If there’s one thing you can count on, it’s change. A client recently asked Thinking Caps Design to weigh in on some logo options they’d secured using “crowdsourcing.” That’s an industry change propelled by technology and globalization. To crowdsource is to use an internet technology company to shop around for work product from a “crowd” of freelance “sources.”
This inspired our team to think about the value of our design services as a “local” provider. Thinking Caps Design is known for environmental graphic design. That’s a discipline concerned with the visual aspects of identity, wayfinding and information delivery in man-made environments. We passionately connect people with places. Our team begins many projects by visioning a logo for marketing materials as a foundation before crafting identity and wayfinding signage. So we asked ourselves, “why buy local” for logo design.
Supporting a neighborhood retailer or independent restaurateur stimulates your community’s economy and keeps money recirculating as goods and services are purchased from other local companies. This is true for design too. But there are more essential reasons to choose designers that understand your market and community if you are planning for project success.
Collaborative Problem Solving is More Effective
When Thinking Caps Design crafts a logo, it distills the essence of a brand before giving it a visual form. Unlike crowdsourcing, a local design firm can employ an interactive process involving stakeholders in brainstorming to identify a wide array of meaningful options. That was our approach when Sun City West asked us to do a makeover for their iconic brand.
Collaborating with stakeholders at many levels allowed us to identify an almost infectious energy permeating the community. Its social fabric was weaved from the bountiful activities that residents enjoyed in group settings. Capturing that dynamic was central to our logo design and color palette of vibrant hues brimming with energy. The logo unfolds like the fluid movement of a dancer or the powerful arch of a swimmer’s stroke while a new tagline echoes the residents’ love for Sun City West as “Arizona’s Premier Active Adult Golf Community.”
Support for the change was galvanized at a community presentation and now a new generation of empty nesters and mature home buyers are discovering the brand all over again via the client’s web, digital and print marketing initiatives.
A Sense of Place Stems from Local Awareness
Honoring the traditions that make a place unique can help gain community acceptance for a development project. Local designers are better equipped to capture a sense of place because they are local inhabitants as well.
National homebuilder Taylor Morrison planned a residential development on the site of Greasewood Flats a distinctive watering hole that had served the community for four decades. The iconic cowboy-themed eatery was also a popular stop for fun-loving motorcyclists. It sat upon a large parcel of land that had been owned by a prominent family that operated Scottsdale’s first and longest operating blacksmith shop.

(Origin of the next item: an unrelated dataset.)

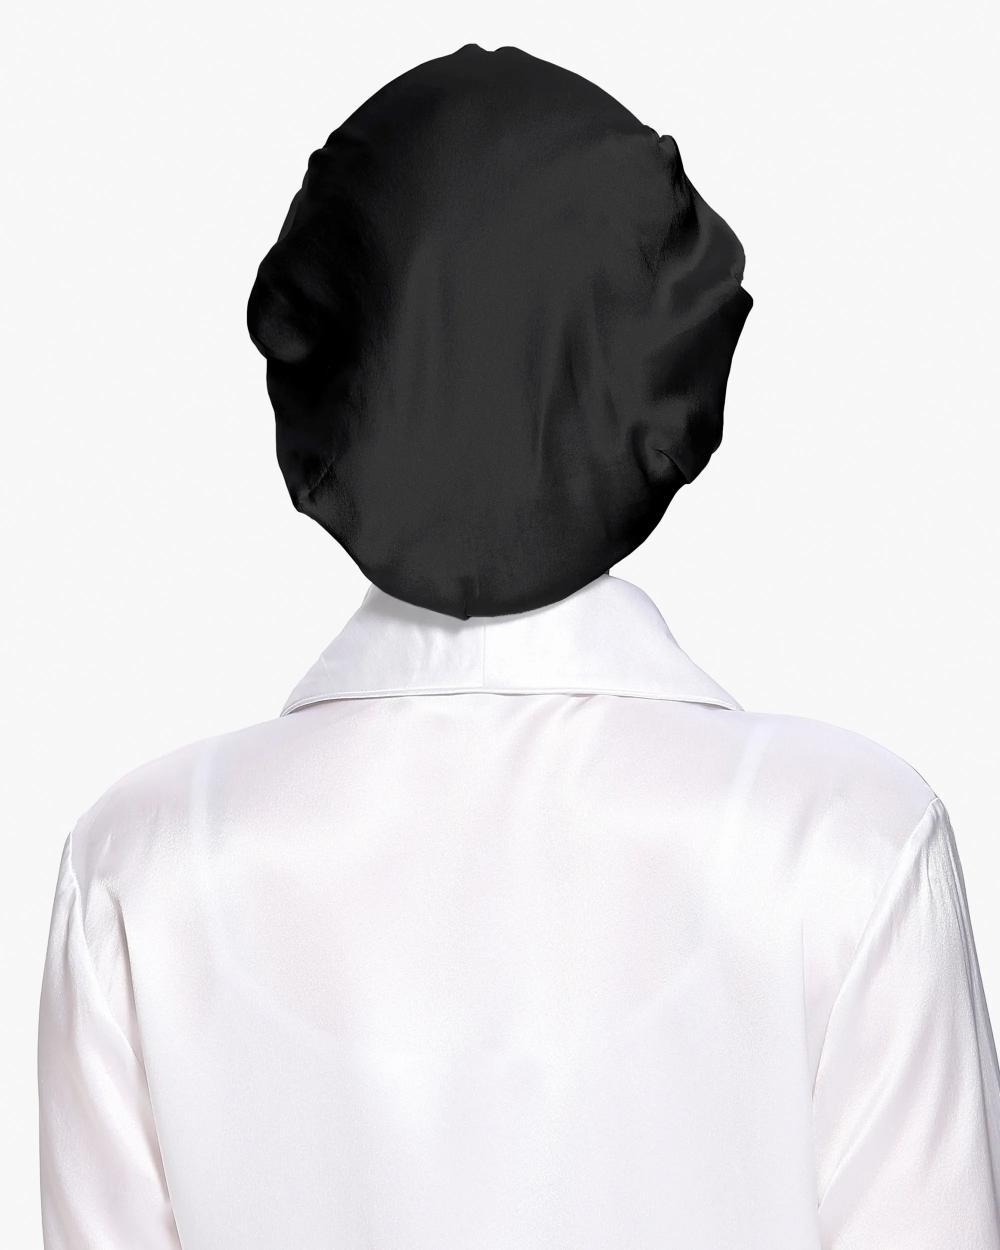 Black Cap 4 Jpg

Thinking Caps Design provided naming and logo design services, christening the new development “IronHorse,” linking its past and present to express the rough and tumble character this landmark once represented.
Knowledge of Architecture Infuses Stronger Design
Being part of an architectural design team can play a big role in logo design. Travel back to 1878 when an enterprising entrepreneur built an irrigation canal upon the ruins of canals constructed by an earlier Hohokam civilization. The fertile community that arose near the canal blossomed into Phoenix, Arizona. That Grand Canal now bisects a 58-acre planned multi-use development that will be constructed over the next 20 years.
Known as The Grand at Papago Park Center, Thinking Caps Design was chosen to craft a logo and environmental graphics for the culturally significant site. As its architectural centerpiece, the Grand Canal was re-routed to create a spectacular water feature at the heart of the project.
With client collaboration, Thinking Caps Design identified three interrelated design themes: water, energy and stewardship. Collectively, these are the essential components of sustaining urban life in the desert. The intimate knowledge of the architectural intent for the project influenced the dynamic logo design of concentric ripples on classic letter form, suggesting expressions of ebb and flow, capture and release, collection and distribution, protection and management, and a systemic view of nature.
Transform Your Local Community
Change is good, but transformation is better. When it comes to the built environment, there are clear benefits to choosing a local designer over cloud-based services. The interactive experience between stakeholders and designers is essential to receiving a quality product that is true to your architecture and sense of place. By supporting local designers, you transform your community — enriching its creative texture and investing in healthy, long-term growth. Choose wisely. Thinking Caps Design is a proud member of Local First Arizona.